"Four O'Clock, Summer Street" is may favorite McGuckian poem. According to her images and diction, I feel the narrator embodying her imaginative power.
This imaginative power is the unconscious; it gives a room, and/or a woman's self, "a kind of flying-heartedness." The term "flying-heartedness" expresses the passion, energy, and mystery that forms the essence of a woman.
The narrator's essence, made analogous to a perfume, is absorbed by only a "tiny slice of the house." She would like this scent to permeate her entire being, just as it permeates the body of the "red-brown girl."
The "red-brown girl" is a muse of sorts--she is a physical manifestation of the narrator's unconscious. The muse embodies the color blue, a color which continually symbolizes the unconscious realm, or the "imaginative space," for McGuckian. The muse drank blue and "it had dried in her." Thus this girl will have permanent access to the unconscious; "she carried it wide awake in herself / ever after."
If the unconscious is "wide awake" in the "red-brown girl" then she must be the narrator's muse--inspiring the poet to bring the unconscious to light.

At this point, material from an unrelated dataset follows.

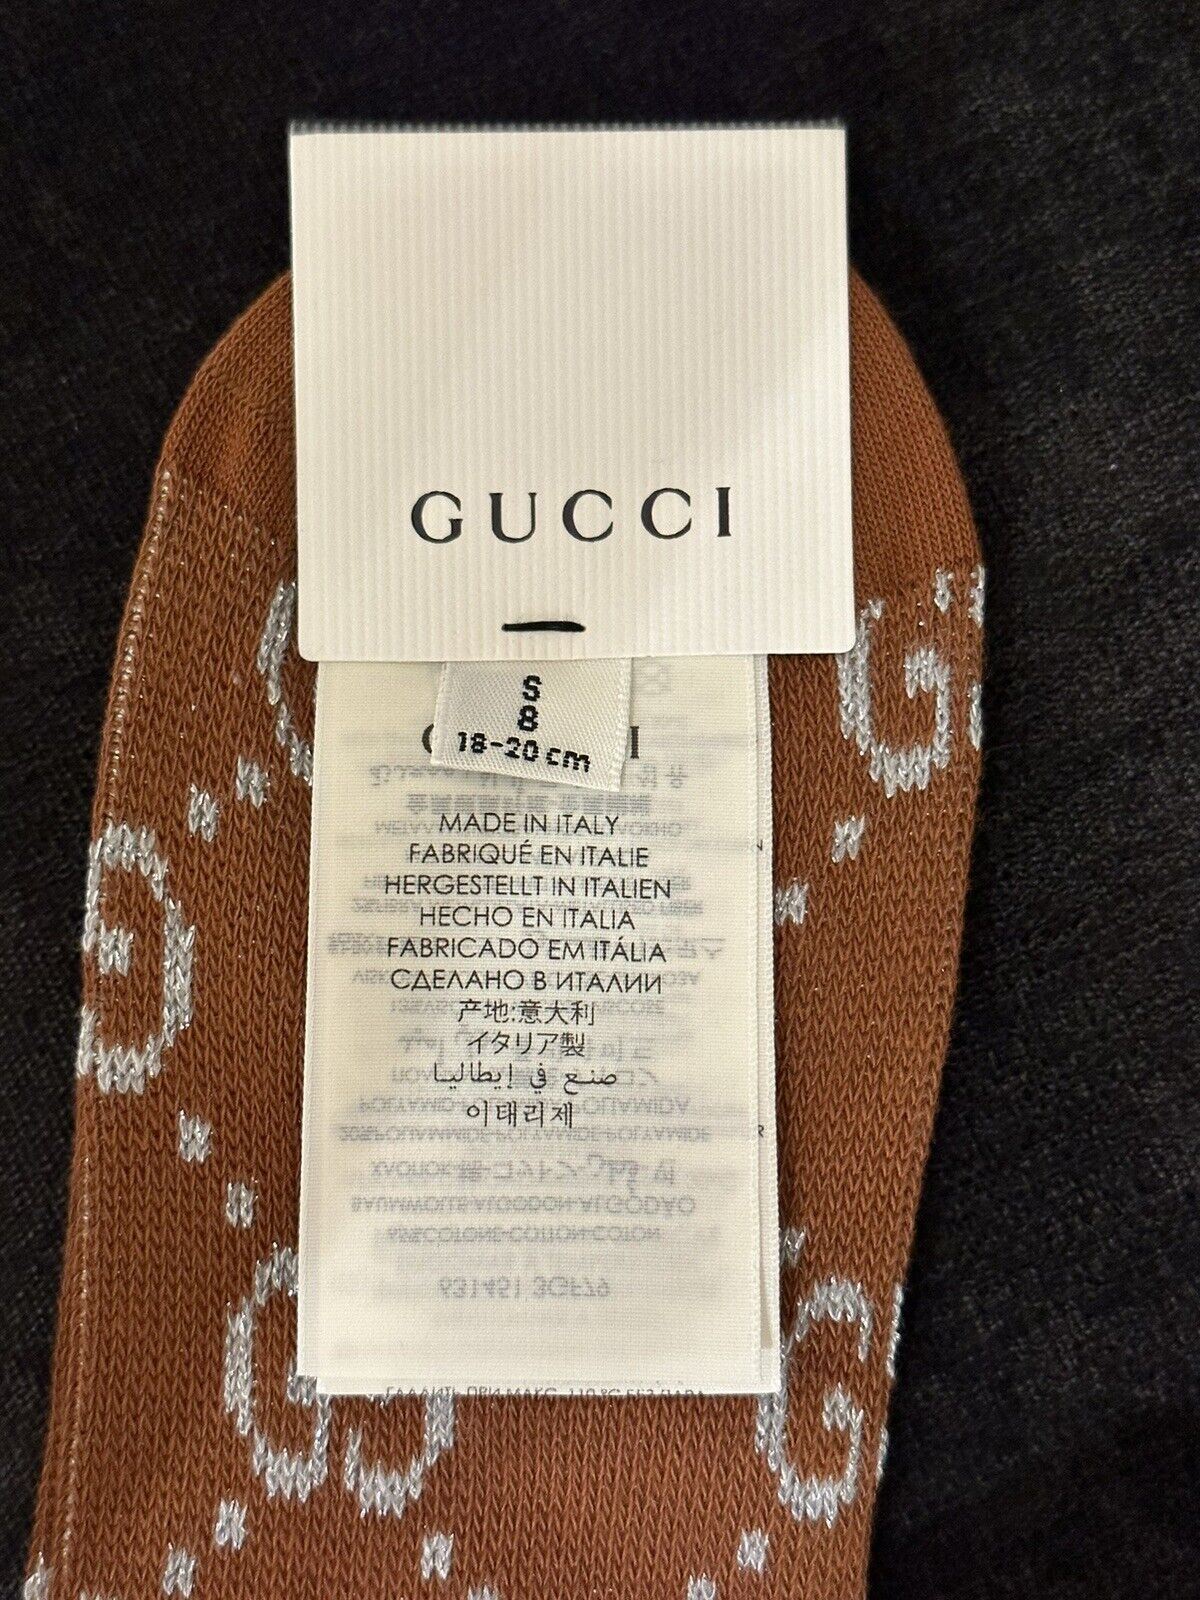 Носки NWT Gucci Mini в греческом стиле GG, серебристо-коричневые, маленькие (размер 8) 631451

Both the muse and the narrator represent a threshold between boundaries--an in-between space. The narrator herself is somewhere between childhood and womanhood. She tries to capture an innocent passion and energy, "A flying-heartedness," while still maturing and probing deeper into the unconscious realm. (The term "girl" and the opening phrase, "As a child cries," are references back to childhood).
The muse also represents a threshold in the sense that she exists at the point where boundaries cross one another, or where they are one and the same. The red-brown girl has a "boy-girl body of a flower" meaning that she has parts "belonging" to each gender, just as a flower contains within it both the male and female sexual organs/parts. (This image calls to mind Virginia Woolf's androgynous figure). The "red-brown girl" is robust and full of life, but also delicate for she is named as a "girl" so she must be young.
The muse carries the music of the unconscious within her, and it "blew that other look / to bits." McGuckian searches for a way to break through to the realm of the unconscious and to see the world in a new light. She begs, "If what she hunted for could fit my eys, / I would shine in the window of her blood like wine, or perfume, or till nothing was left of me bust listening." The narrator and/or the poet wishes to embrace and embody this muse. McGuckian uses terms such as "wine," "perfume," and "listening" to reveal this desire to intoxicate, permeate, and absorb the imaginative power that the "red-brown" girls represents. McGuckian would like to get drunk off of the blue, and intoxicate herself with creativity, mystery, and female essence.